Mandatory use of Direct Benefit Transfer (DBT) for all electricity subsidies  has been proposed in the recent draft amendments to the Electricity Act and the National Tariff Policy.

How does DBT help?

  • DBT is a method through which a subsidy will be directly transferred to the bank accounts of consumers.
  • DBT has reported success in subsidies for LPG and for wages under MNREGA.
  • It potentially helps to target subsidies, incentivise behaviour change and reduce wastage of public funds.
  • At present, the electricity subsidy is provided by the State government to the distribution company (Discom).
  • However, Rajasthan government announced DBT for providing Rs.10,000 as subsidy annually to each agricultural consumer.
  • Punjab and Gujarat are also using the mechanism in small-scale pilot projects.

What are the precautions to be taken before implementing?

  • Over-estimation - About 90% of electricity subsidies accrue to agricultural consumers and some sections of residential consumers.
  • However, most beneficiaries are unmetered and the subsidy is provided on assumed consumption norms, which are often overestimated.
  • e.g In UP the assumed monthly consumption for a rural home is 72 units, which is closer to the average consumption of homes in Mumbai and Hyderabad, typical urban areas.
  • Such overestimation implies that losses incurred by the Discom are taken as additional consumption by unmetered consumers, which State governments end up subsidising.
  • In such a case, DBT could never end overestimated consumption, as the benefits will somehow be transferred to consumers.
  • Identification - There are issues in identifying the subsidy recipient where the users of electricity are tenants, but the connection is in the name of the property owner.
  • There is a need for legal and regulatory steps to ensure that the subsidies are provided to electricity users rather than the owners.
  • Similar safeguards should be ensured for joint ownership and in cases of inheritance issues.
  • Prior deposition - Consumers might find it difficult to manage if the unsubsidised bill is to be paid prior to subsidy transfer.
  • Therefore, similar to DBT in LPG, some subsidy can be deposited initially into the bank accounts to enable first payment.
  • Delay in payment - Currently, subsidy payments are often delayed by State governments for prolonged periods to discoms.
  • Though unfair, at least DISCOMs were able operate.
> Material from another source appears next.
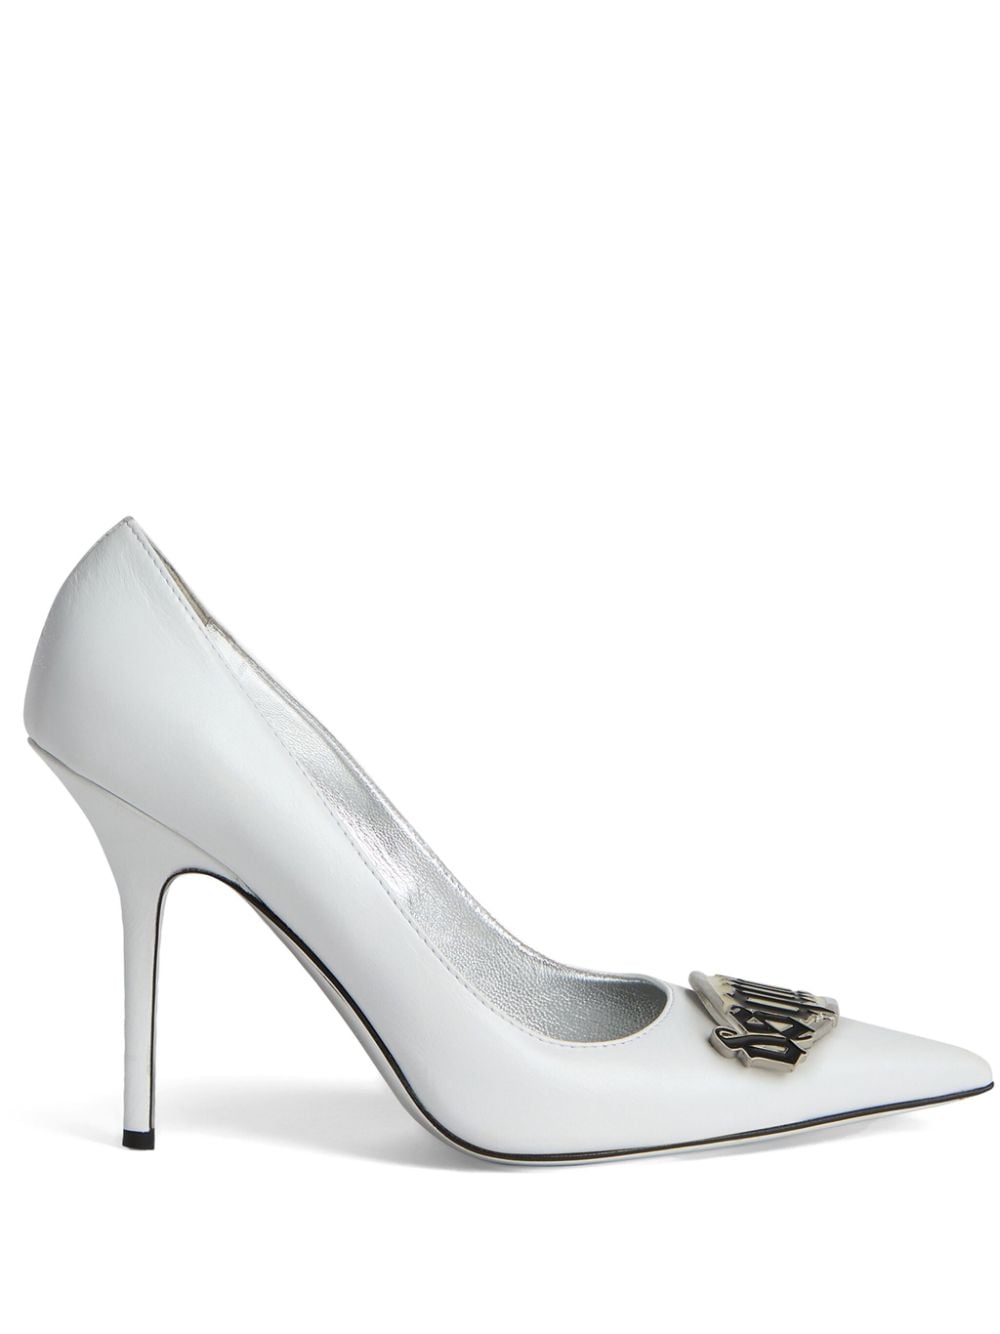 Dsquared2 Pumps in pelle - Bianco

But same will not be the case when it comes to individual households.

What should be done?

  • Section 65 of the Electricity Act can be amended to provide regulatory mandate for monitoring DBT implementation when adopted by the state.
  • Also, before universal DBT for electricity is applied, close attention needs to be paid to on-going pilots and more large-scale pilots.
  • Electricity Regulatory Commissions, Discoms and State Governments should allow different kinds of pilots with strong monitoring, evaluation and learning mechanisms, before signing on to universal adoption.
  • Further, there is a need for third-party audits authorised by regulatory commissions.